Stars of David: Prominent Jews Talk About Being Jewish
- Author: Abigail Pogrebin
- Subject: Social science, ethnic studies, popular culture
- Genre: Biography, interviews
- Publisher: Broadway Books, Random House
- Publication date: 2005
- Pages: 400
- ISBN: 0767916131
- OCLC: 153581202

= Stars of David: Prominent Jews Talk About Being Jewish =

2005 book by Abigail Pogrebin

Stars of David: Prominent Jews Talk About Being Jewish (2005) is a book by journalist and former 60 Minutes producer Abigail Pogrebin.
The 400-page book was published by Random House.

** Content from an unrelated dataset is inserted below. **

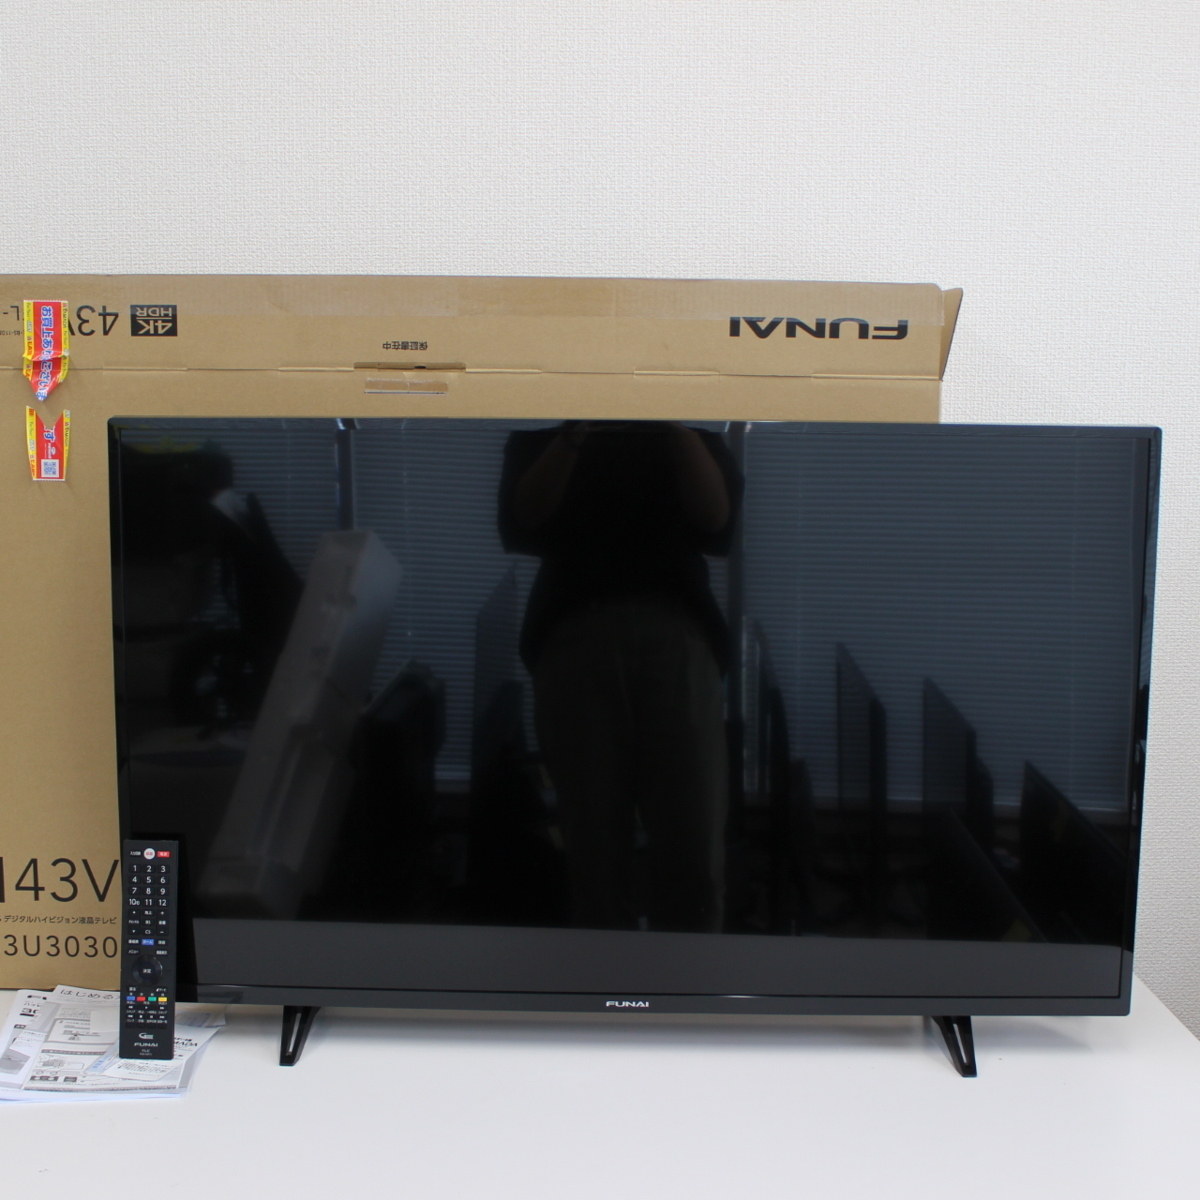 東京都品川区にて FUNAI 液晶テレビ FL-43U3030 2020年製 を出張買取させて頂きました。

The book features a series of interviews with 62 prominent American Jews discussing their feelings about being Jewish. Among those interviewed are actress and producer Sarah Jessica Parker, U.S. Supreme Court Justice Ruth Bader Ginsburg, television and radio host Larry King, director Mike Nichols, actor Dustin Hoffman, director Steven Spielberg, actor Gene Wilder, comedian Joan Rivers, political analyst William Kristol, lawyer Alan Dershowitz, baseball player Shawn Green, actress Natalie Portman, playwright Tony Kushner, and actor Leonard Nimoy. Some speak about anti-Semitism that they faced. Kenneth Cole, Eliot Spitzer and Ronald Perelman discuss their intermarriages. Mike Wallace, Richard Dreyfuss and Ruth Reichl discuss their feelings toward Israel.

Liz Smith wrote that it "is an endearing book done with skill and taste."

In 2012, Philadelphia Theatre Company presented the Philadelphia world premiere of a musical stage adaptation of the book, titled Stars of David. The script is by Tony Award nominee Charles Busch.